諺から考える健康学 44

『知ったが病(しったがやまい)』という諺があります。 これは、「知らずにいれば何もなくてすむのに、なまじ知ったために手を出して病みつきになり失敗するということ」という意味です。 昨今の報道の内容には、これを促すようなものが多すぎる傾向にある気がいたします。 今、世間を賑わし、また恐怖心を跋扈させつつある、オミクロン株の報道などは最たるものかと思います。 Twitterなどでも取り上げられていましたが、「オミクロン株の最大の症状は、寝汗、です」という報道がありました。 人間、普通に風邪をひいて、普通に過ごしていれば誰もが経験したことがある症状ではないのでしょうか? ウイルスは通常、変異が重なれば弱毒化していくことが多々あります。 今回のオミクロン株も、季節性のコロナウイルスにかなり近づいて来ているように感じられます。 「イギリスでオミクロン株で死者!」などの見出しがあれば、 「感染=死」的な構図が、印象付けられてしまいますよね。 そして、また過剰な行動が始まってしまいます。 通常の季節性のコロナウイルスでも当然、死者は出ていました。

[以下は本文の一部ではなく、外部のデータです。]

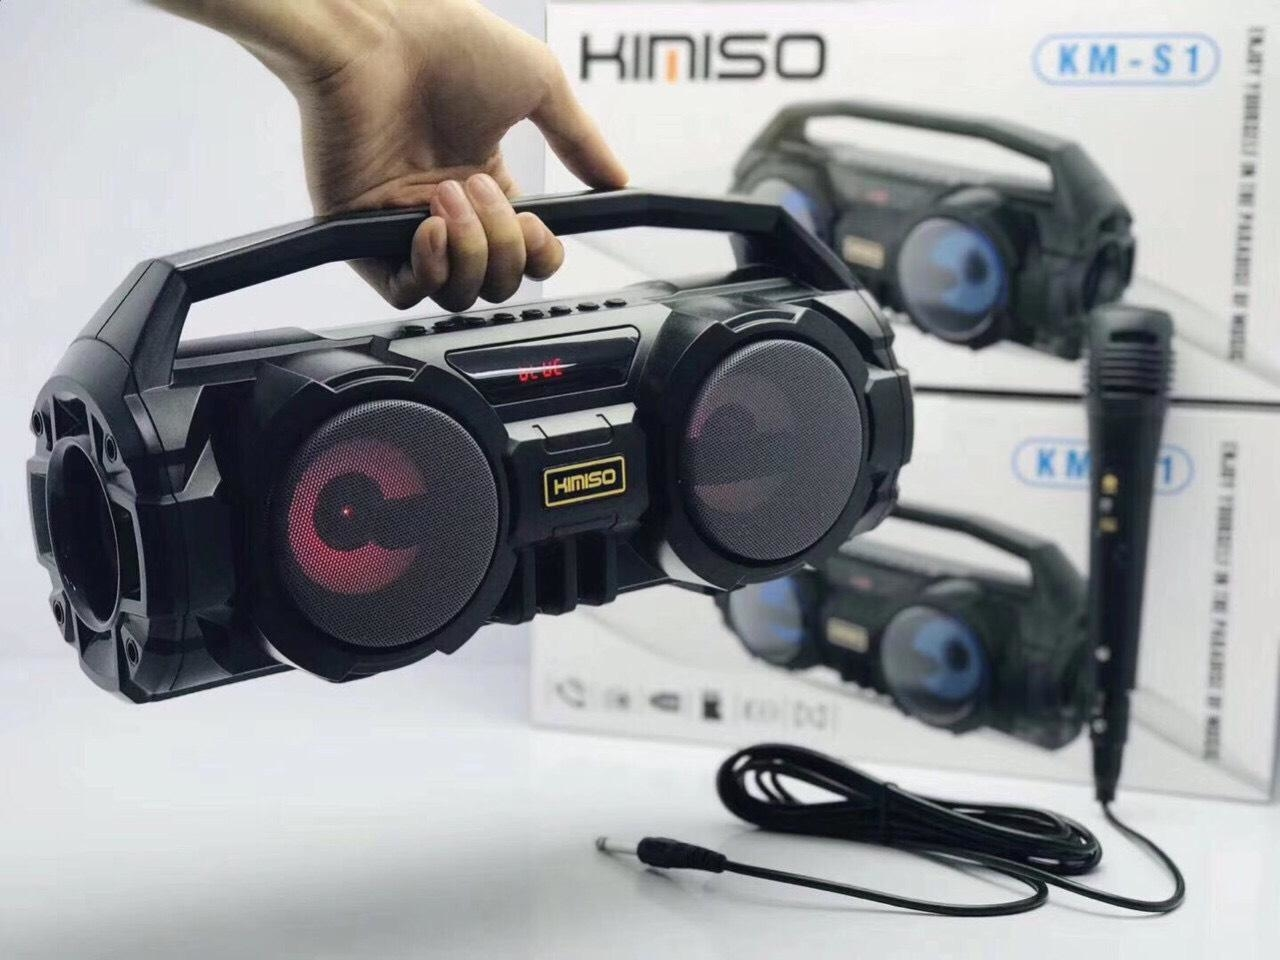 Loa Bluetooth Karaoke KIMISO S1/S2 - Tặng kèm 01 Micro

それはさておき、新型ばかりをクローズアップしすぎるのは如何なものか?と思います。 ちゃんと、季節性のコロナウイルスや、インフルエンザなど、重症になったり、死者が出たりなどのウイルスとの数の比較もキチッと報道するのが筋なのではないでしょうか!? また、今回のようなまだデーターも不足している段階では、 「まだデーターも集まっておらず、 ハッキリとしたことは言えません」 という報道だけで終わらせるのが、正確な報道機関の在り方ではないか?と、私は思います。 知らなくていいこと、知らなきゃならない肝心なこと、これがごっちゃになって伝わっているので、世の中が混乱しているだけのように感じられます。 誠意のない報道が、多数の国民に「知ったが病」をばら撒いているようにしか、私には思えません。 健康においても如り、であります。 ウイルス情報も、もちろん健康に関しての一つではありますが、他の癌や、膠原病や、その他の難病に関しても、この「知ったが病」のばら撒きはとても多いと思います。 数限りない、自称「何にでも効く○○食品」、「あらゆる不調が5秒で治る○○健康法」、「様々な痛みや苦痛に永遠にサヨウナラできる○○法」……などなど。 病気でも不調でもない方々が、これらの文言の虜になって、抱かなくても良い恐怖心や、穿った見方の西洋医学批判などに走ってしまっていることも多々見受けられます。 肝心な病気の成り立ちや、病理など正確な知識が伝わらず、インスタント医療専門家、健康専門家が本当にあちこちに現れている気がするのは私だけでしょうか? まさに、「知ったが病」ですね。 何故、医学部教育が6年もなされているのか、医療報酬が高く設定されているのか? アンチ現代医学の方々は、あまり考えた事はないのではないでしょうか?通常の学部より2年多く学び、単位数も多く、更に国家試験も難易度が高い。さらに、人の死というものの責任を負っている立場、ということでは当然のことだと私は思いますし、本当に西洋医学がおかしいのなら、とっくに消滅している医学であると思います。 現代医学にも、多々、難点があるのは私も認めますが、生活が変わり、人間の質も変わっている現在、完成形の医療など存在することは不可能です。これは、東洋医学でも同じです。 「これだけが正しい」という見方に固執すること自体が、既に病いに犯されているのだ、という事を知らなくてはなりない、と私は思います。 皆様は、いかが思われますでしょうか?